Leave the pictures out and print, word for word, the lines below from the one with "Angelina Jolie Tattoos 2019" through the final line.
Start of Dataset section
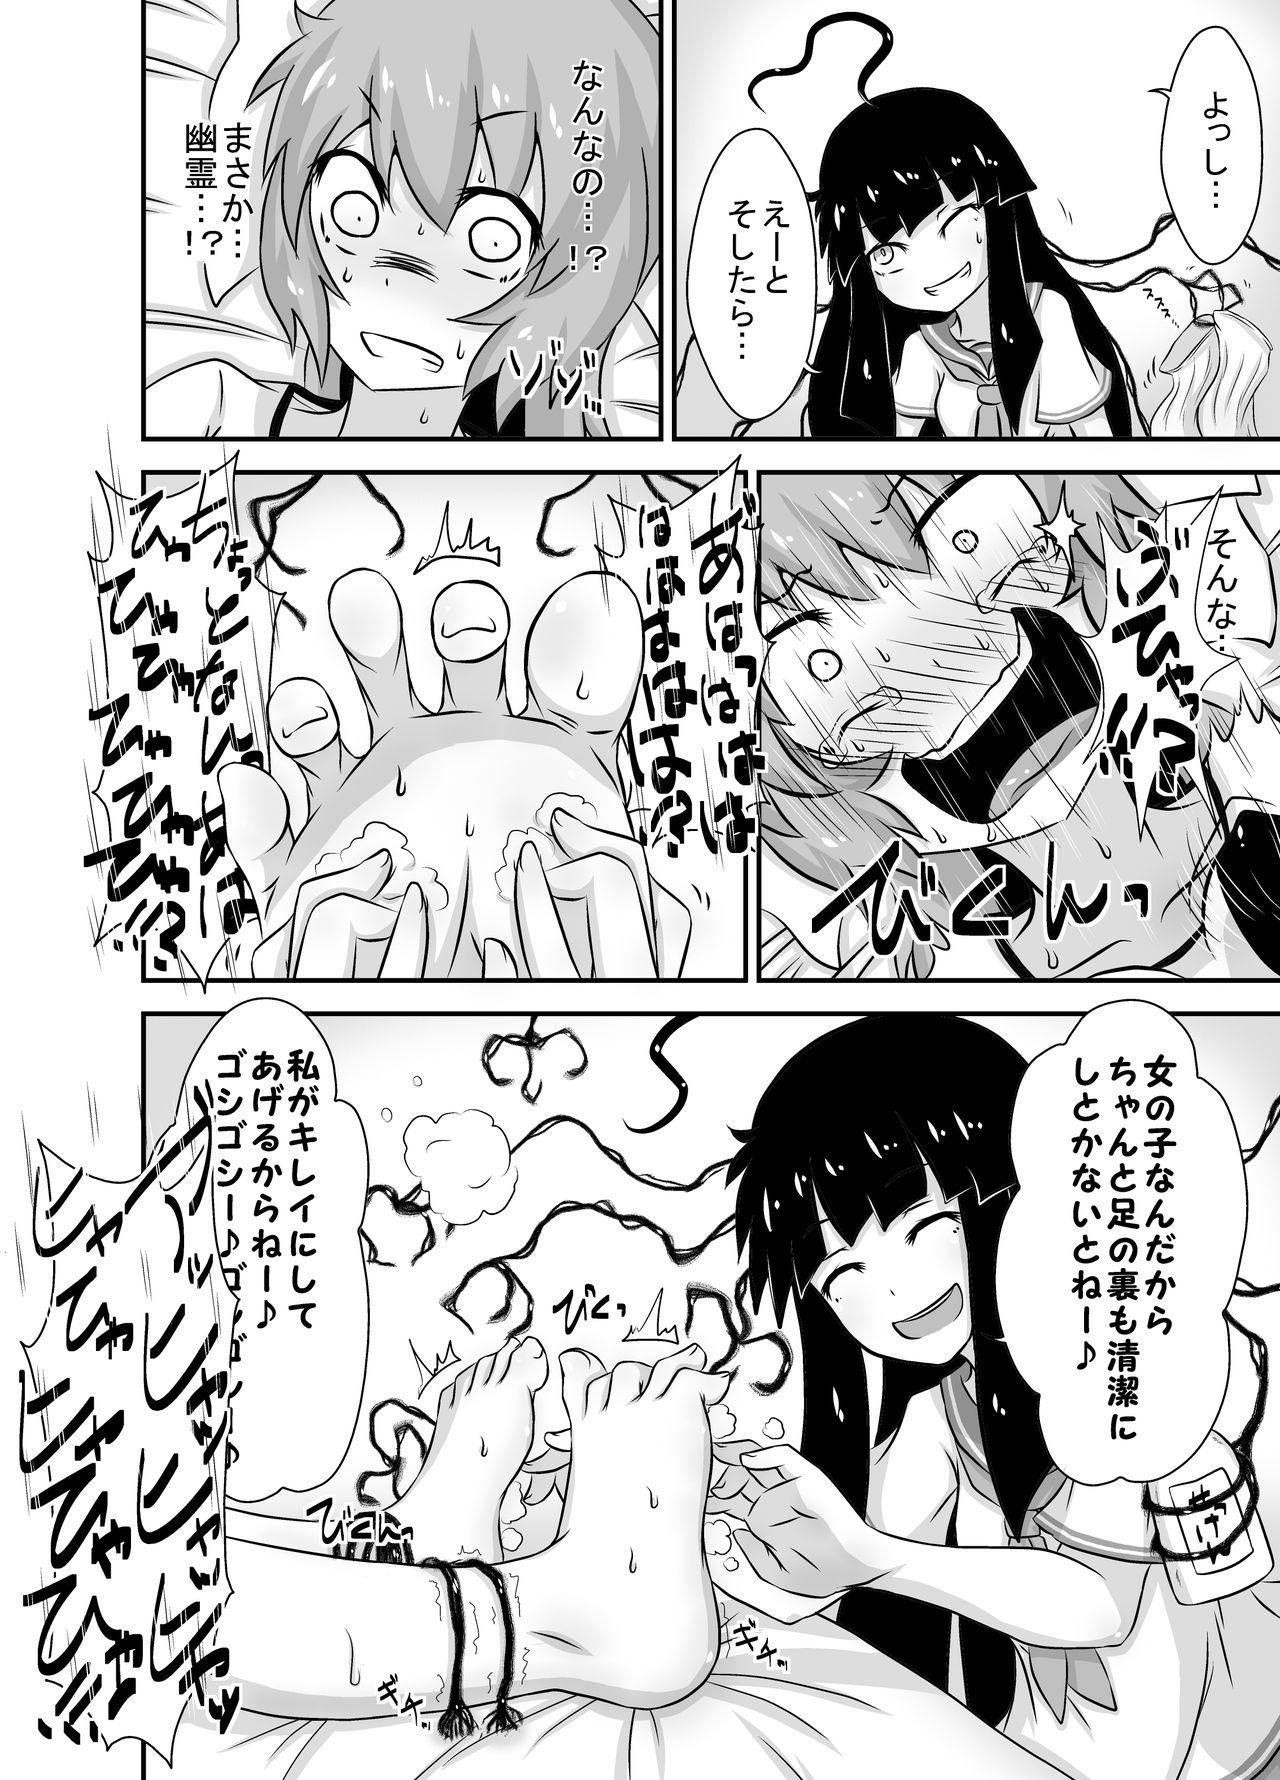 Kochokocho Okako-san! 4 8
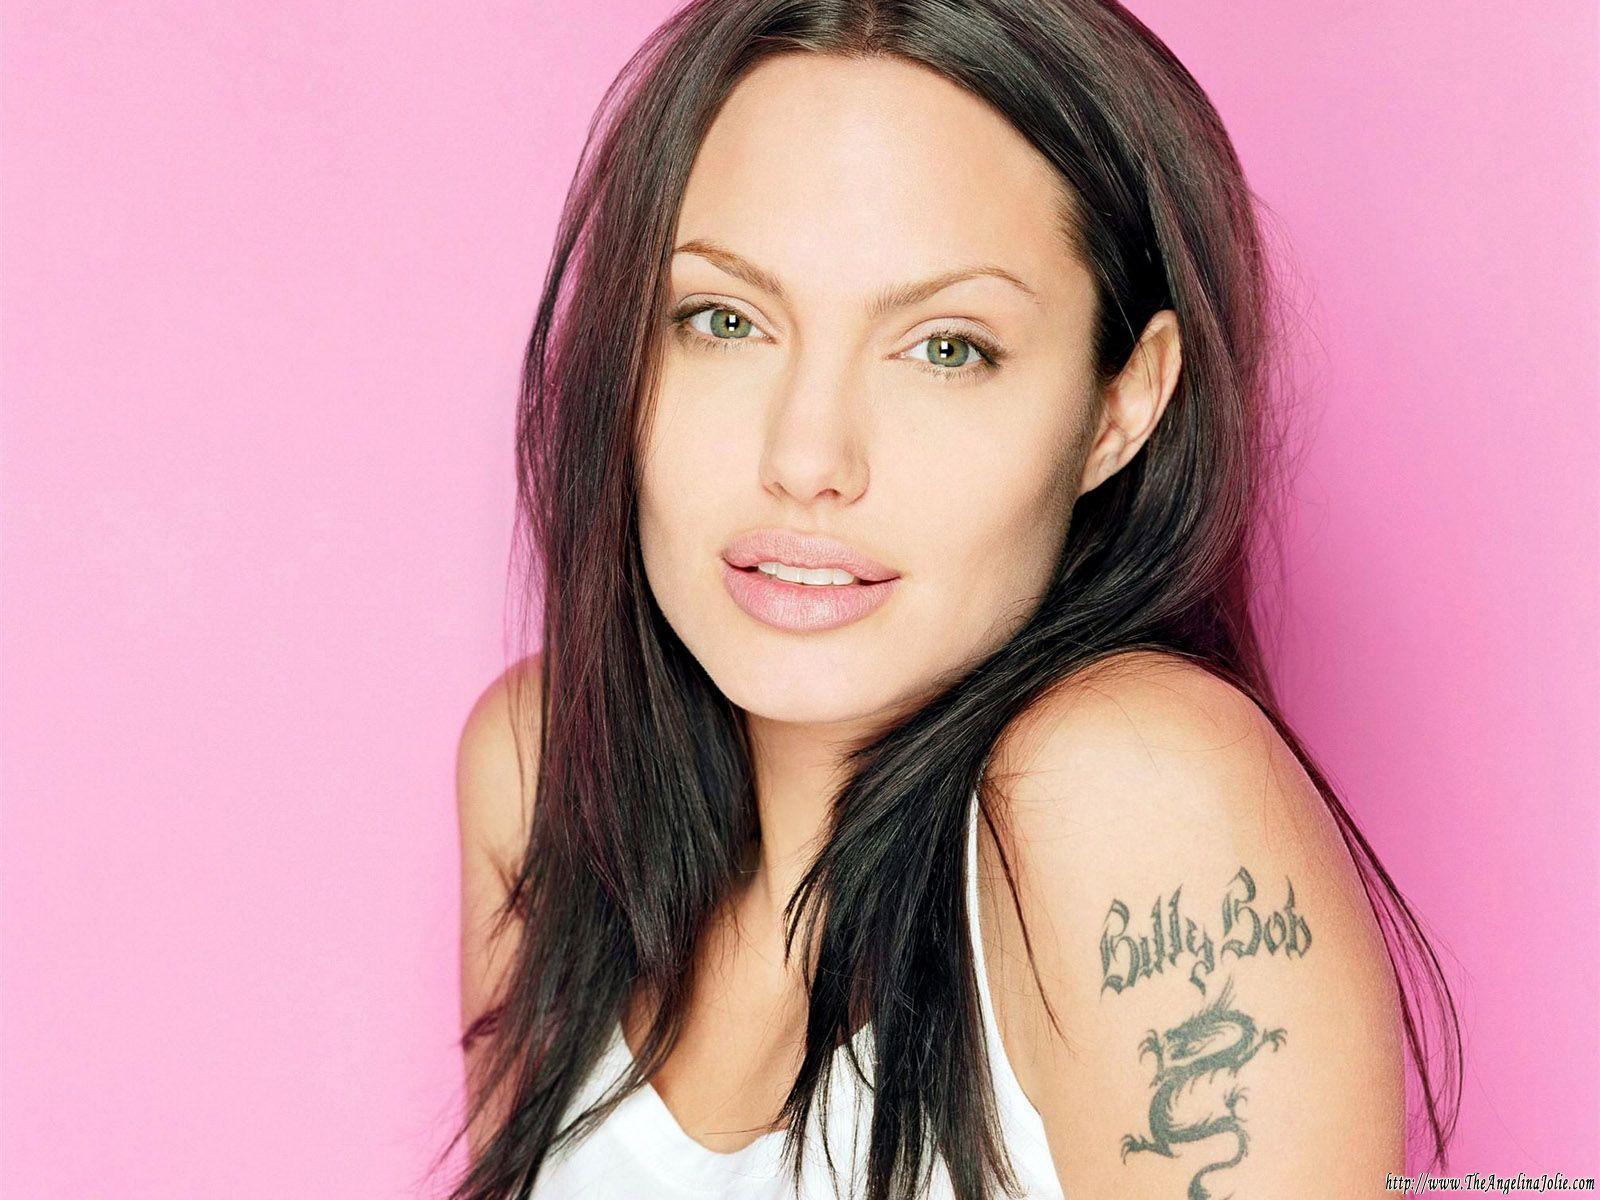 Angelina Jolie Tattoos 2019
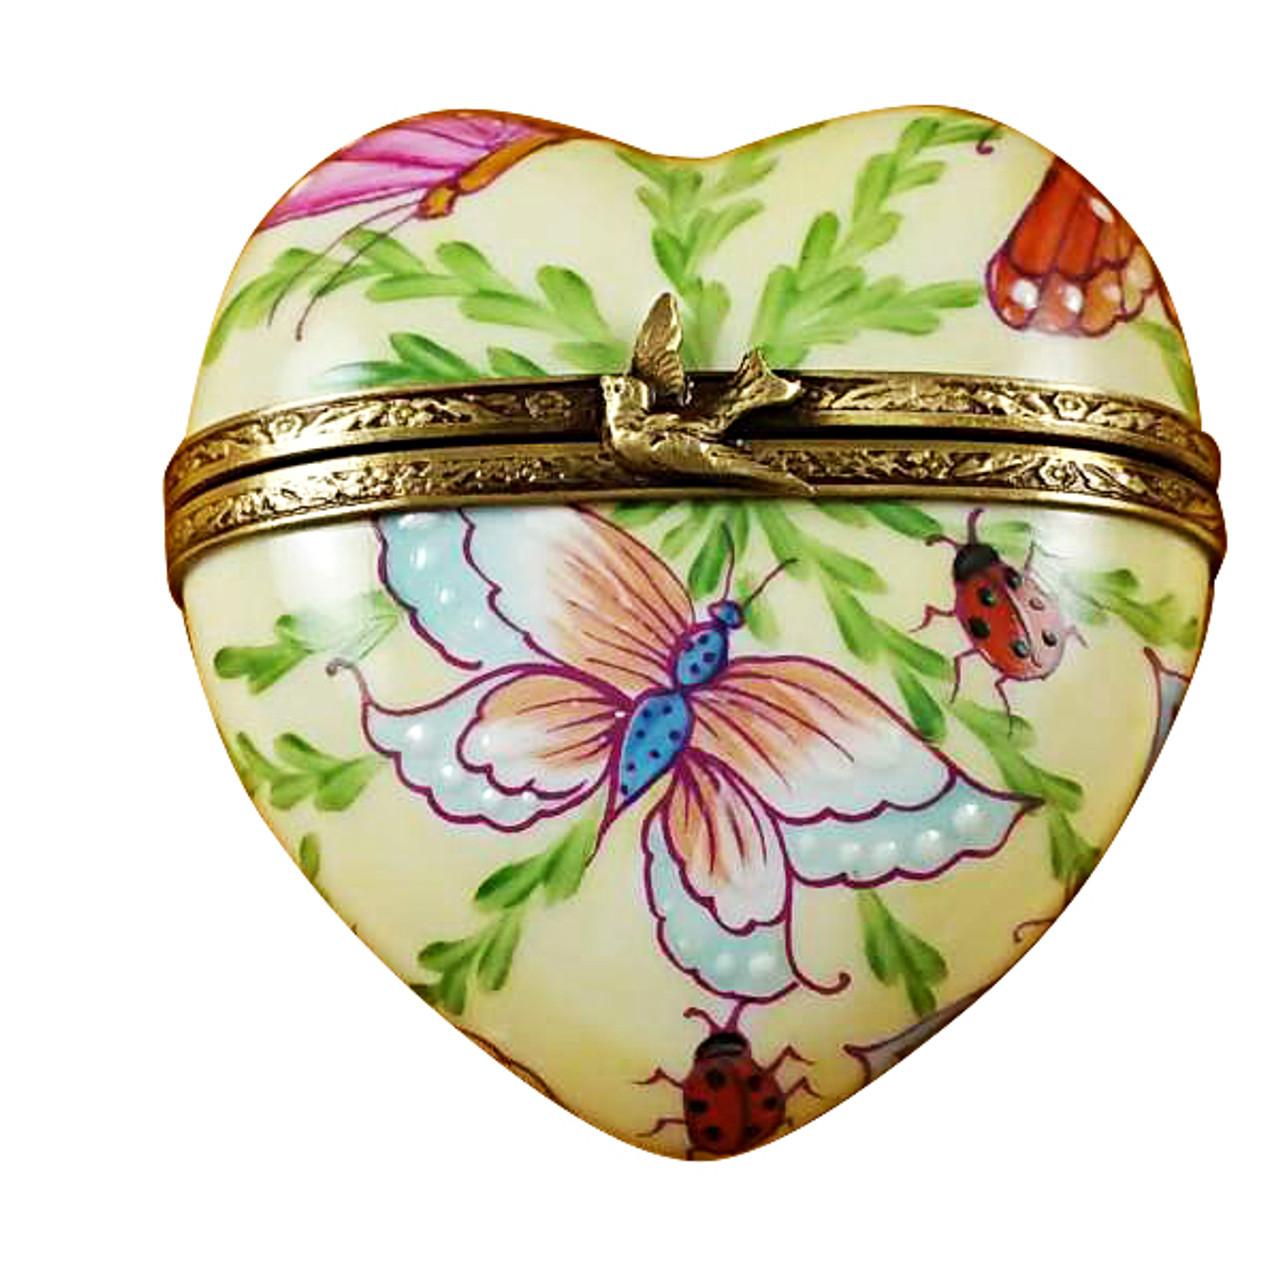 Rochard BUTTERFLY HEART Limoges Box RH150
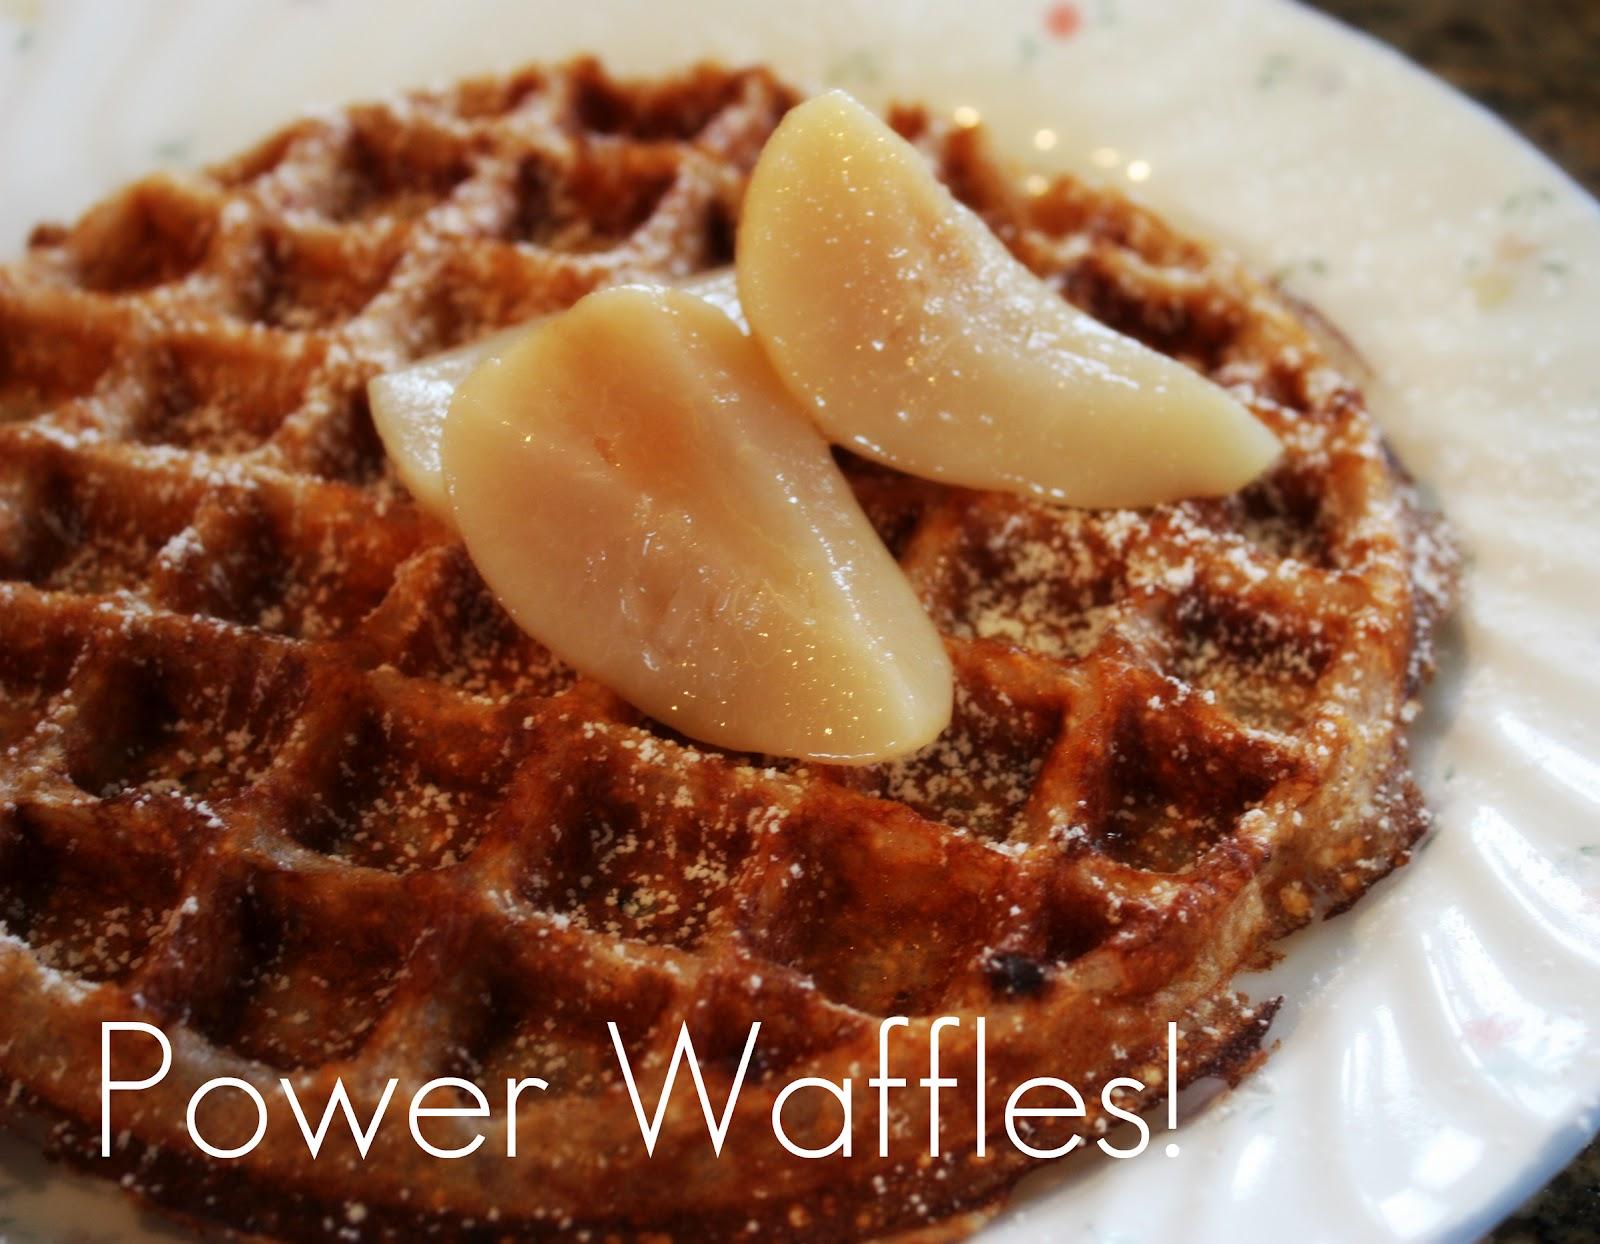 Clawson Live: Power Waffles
End of Dataset section
- **Your solution**:
 Angelina Jolie Tattoos 2019
 Rochard BUTTERFLY HEART Limoges Box RH150
 Clawson Live: Power Waffles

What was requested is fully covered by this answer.